The elastic limit (maximum elastic strain) of Fe–Pd alloys exhibiting a second-order-like martensitic transformation from the face centered cubic structure to the face centered tetragonal structure was investigated by varying the test conditions. The elastic limit decreased from 7.3% to 4.6% as temperature was increased from 240 K to 300 K, a phenomenon that can probably be attributed to the strong temperature dependence of the elastic constant C′. The elastic limit also significantly decreased upon changing the compression direction from [001] to [011] because of the large elastic anisotropy. However, the critical resolved shear stress was only slightly influenced by temperature and the compression direction. The elastic limit of a polycrystalline specimen of the alloy was one order in magnitude smaller than that of its corresponding single crystal.

1. Introduction

Superelasticity in shape memory alloys (SMAs) has attracted considerable attention owing to its large recoverable strain.¹⁾ This behavior is mainly studied in alloys exhibiting typical first-order thermoelastic martensitic transformations (MTs). In these alloys, the lattice parameters change discontinuously at the transformation temperature and vary only slightly in the martensite phase. The reversible strain in this kind of SMAs primarily arises from changes in the lattice parameter at the transformation temperature.^2,3) Compared with the transformation strain (1–10%), elastic strains in the parent and the martensite phases are usually 1% or smaller.^3,4)

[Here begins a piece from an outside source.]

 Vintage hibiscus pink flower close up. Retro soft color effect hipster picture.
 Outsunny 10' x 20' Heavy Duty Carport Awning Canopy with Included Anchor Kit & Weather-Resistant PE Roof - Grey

The MT from the face centered cubic (FCC) structure to the so-called face centered tetragonal (FCT) structure in Fe–Pd alloys is a weak first-order (second-order-like) transformation in the sense that the lattice parameters show a small discontinuity at the transformation temperature and then change gradually with decreasing temperature.^5,6,7) A characteristic feature of Fe–Pd alloys is the lattice softening of the parent phase. Such softening has been reported in an Fe-30.0Pd (at.%) alloy in that its elastic constant C′ [= (C₁₁–C₁₂)/2] decreases during the cooling process upon approaching the transformation temperature, and the value near the transformation temperature is below 5 GPa approximately.⁸⁾ The softening in C′ is possibly caused by the band Jahn–Teller effect.⁹⁾

Because of the lattice softening, a large elastic-like strain with a low Young’s modulus in the [001] direction is expected in this alloy. The anticipated large elastic-like strain (more than 6%) has been confirmed for Fe-31.2Pd (at.%) single crystals.¹⁰⁾ Considering the fact that elastic constants strongly depend on temperature and direction,⁸⁾ we may expect that the limit of elastic strain in Fe–Pd alloys also significantly depends on these factors. However, this has not been reported as yet. Therefore, in this paper, we examine the influence of the test temperature, the compressive direction, and the grain boundary on the limit of the elastic strain in Fe–Pd alloys.

2. Experimental Procedure

Ingots of Fe-30.8 and 31.2 Pd (at.%) alloys were prepared by an arc melting method using a high purity Fe rod (99.998%) and a Pd sheet (99.9%) as starting materials. Single crystals of these alloys for compressive tests were grown by a floating zone method at a growth rate of 3 mm/h. The orientation of the single crystals was determined with a back-reflection Laue method. Parallelepiped specimens were cut from the single crystals. Details of the specimens and compressive directions are listed in Table 1. In this paper, the index of orientation is stated on the basis of the parent phase. After heat-treatment for homogenization at 1375 K for 24 h, the specimens were quenched in ice water to retain the disordered parent phase. The FCC-FCT MT temperature of the Fe-30.8Pd (at.%) alloy was M_s = 255 K and that of the Fe-31.2Pd (at.%) alloy was M_s = 230 K. These values are in agreement with those reported previously.¹¹⁾ Compressive tests were performed using a SHIMADZU Autograph AG-I 50 kN MODEL M1 equipment, at a strain rate of 5×10^–5 s^–1. The strain rate was selected to ensure an isothermal condition. The strain was measured by using strain gages (KYOWA, KFL-02-120-C1-11). Owing to the limitations of the strain gage, strains of over 4% were obtained by calibrating the displacement of the crosshead of the testing machine. This procedure has been reported in detail elsewhere.¹⁰⁾

Table 1. Composition and dimensions of the specimens used for compression tests.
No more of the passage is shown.